Building a vault using blinded co-signers

This innovative approach emphasizes minimizing the information available to co-signers about transactions to enhance the protection of fund movements on the blockchain. The uniqueness of this system lies in its ability to ensure that co-signers are engaged in validating transactions based on preset policies, particularly verifying the correctness of a transaction's timelock via Zero-Knowledge (ZK) proofs before approval. The prototype is structured around four principal transaction types: vault_deposit, vault_recovery, unvault, and unvault_recovery, each pre-signed to cater to various scenarios involving the deposit, recovery, and use of funds within the vault. A significant feature of this setup is that it allows fund owners or their designated watchtower to redirect funds to a recovery address if an unauthorized access attempt is noticed, provided at least one signer strictly follows the protocol to guarantee fund security. For further exploration, detailed documentation and code have been made available on GitHub, accessible through documentation and prototype links. However, it's highlighted that this prototype is for testing environments only, such as regtest and signet, and not for real funds until thoroughly vetted. A challenge identified is the time-consuming process required for ZK proofs, especially in proving key and nonce aggregation adherence to the protocol without revealing sensitive details to co-signers. Efforts are underway to reduce this proving time significantly.

The initial part of the email acknowledges the recipient's work and expresses admiration for their efforts, indicating a positive reception and belief in the potential of blind co-signers to replicate specific functionalities on the Bitcoin platform. It specifically mentions the possibility of emulating certain Bitcoin script op_codes for Elf-trace and other fraud-proof applications, suggesting that this could significantly enhance the protocol's functionality and acceptance within the ecosystem. Highlighting the challenge of establishing trust in co-signers, the sender proposes a strategic approach to maximize their utility by emulating essential Bitcoin script op_codes. This strategy could enable the development of a robust protocol, possibly implemented using Trusted Execution Environments (TEEs), slashable bonds on alternative chains, or a combination thereof. The proposed simplicity of implementation would facilitate verification across different programming languages, potentially enhancing the protocol’s credibility and adoption.

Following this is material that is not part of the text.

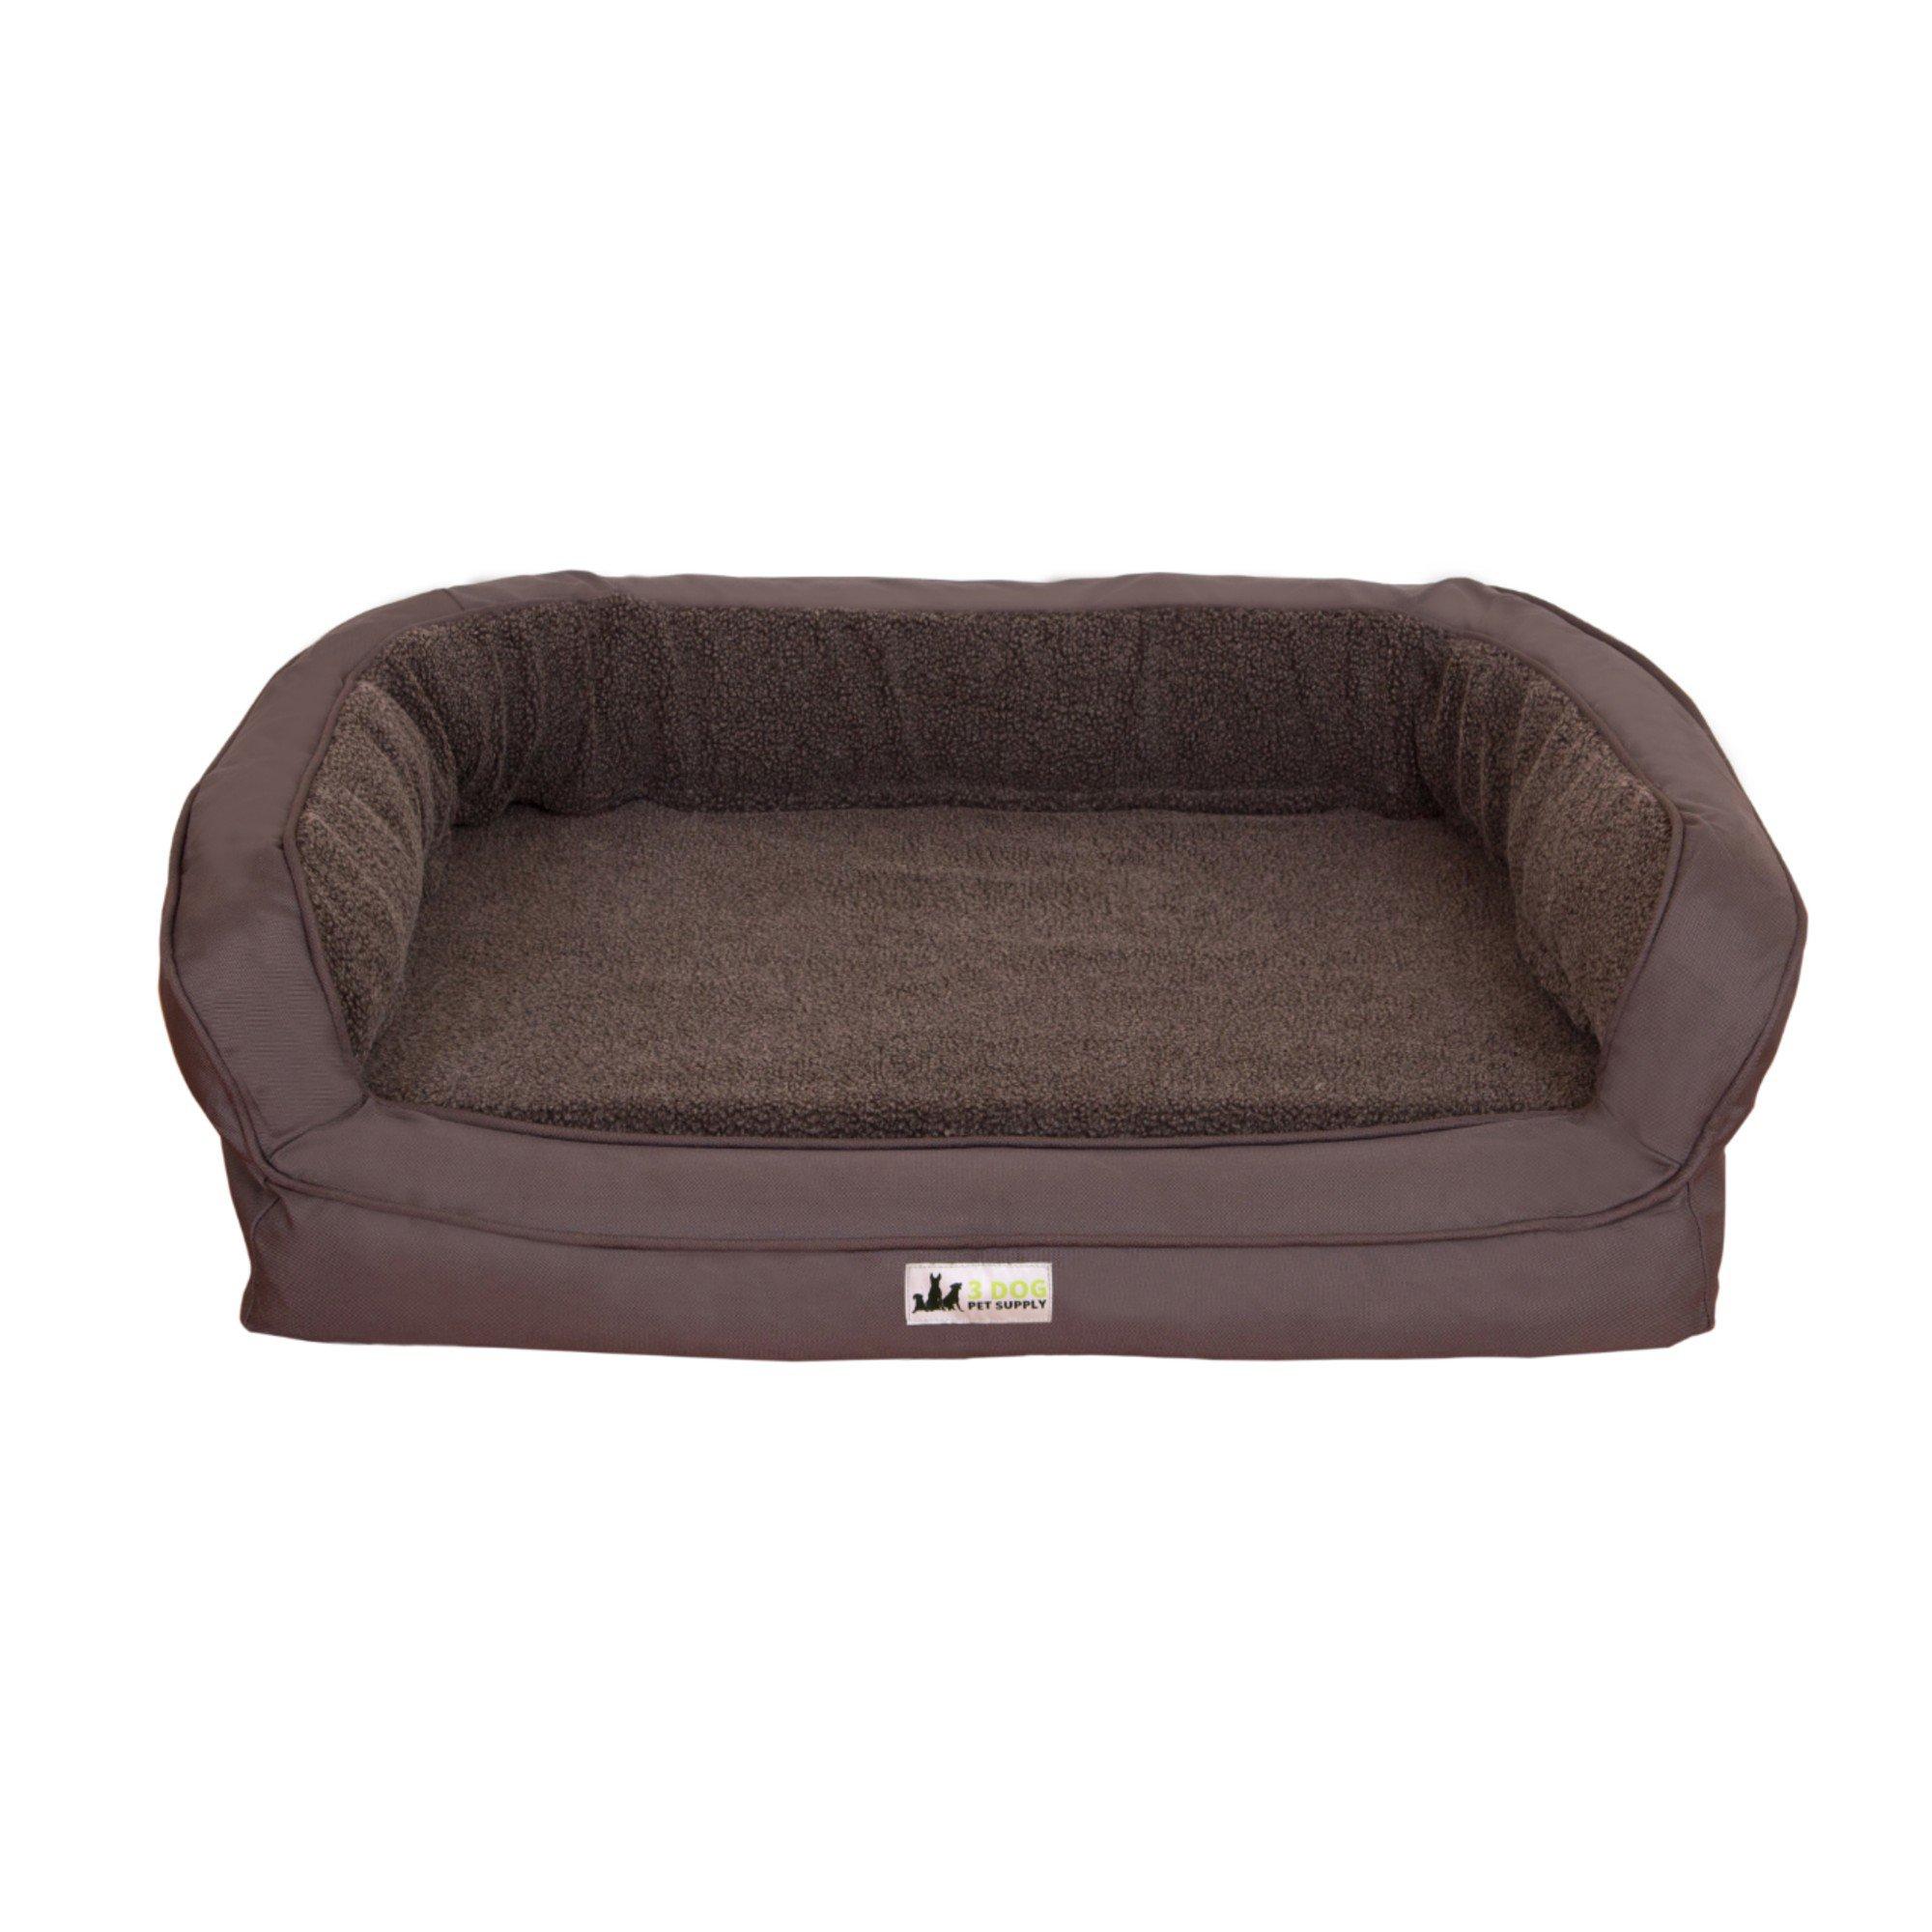 """3 Dog EZ Wash Fleece Bolster Grey Dog Bed, 32"""" L X 21"""" W X 9"""" H, Small"""

Furthermore, the visibility of these op_code executions on-chain is argued to be crucial for validating demand for such features and countering Miner Extractable Value (MEV) arguments. The sender stresses the importance of maintaining a track record of co-signers' honesty and liveness as a fundamental aspect of the system's trustworthiness.

In response, the recipient elaborates on generalizing the setup to accommodate more sophisticated ZK proofs within the protocol. They propose creating a taproot address that commits to a zk-verifier controlled by co-signers, allowing for proofs of valid spending according to committed policies, such as emulating covenants. This approach opens up possibilities for utilizing various proof systems, including TEEs, with the commitment uniquely identifying them. Building a reputation for co-signers with well-known public keys is considered crucial, as combining multiple reputable co-signers can achieve robust quorums without their mutual awareness. This discussion underscores the potential for achieving significant adoption and usage of the project, acknowledging the broader challenge of gaining widespread industry acceptance. The dialogue suggests that bootstrapping trust in co-signers could provide valuable insights into which op_codes might be considered for future soft forks, contributing to the ecosystem's growth and improvement.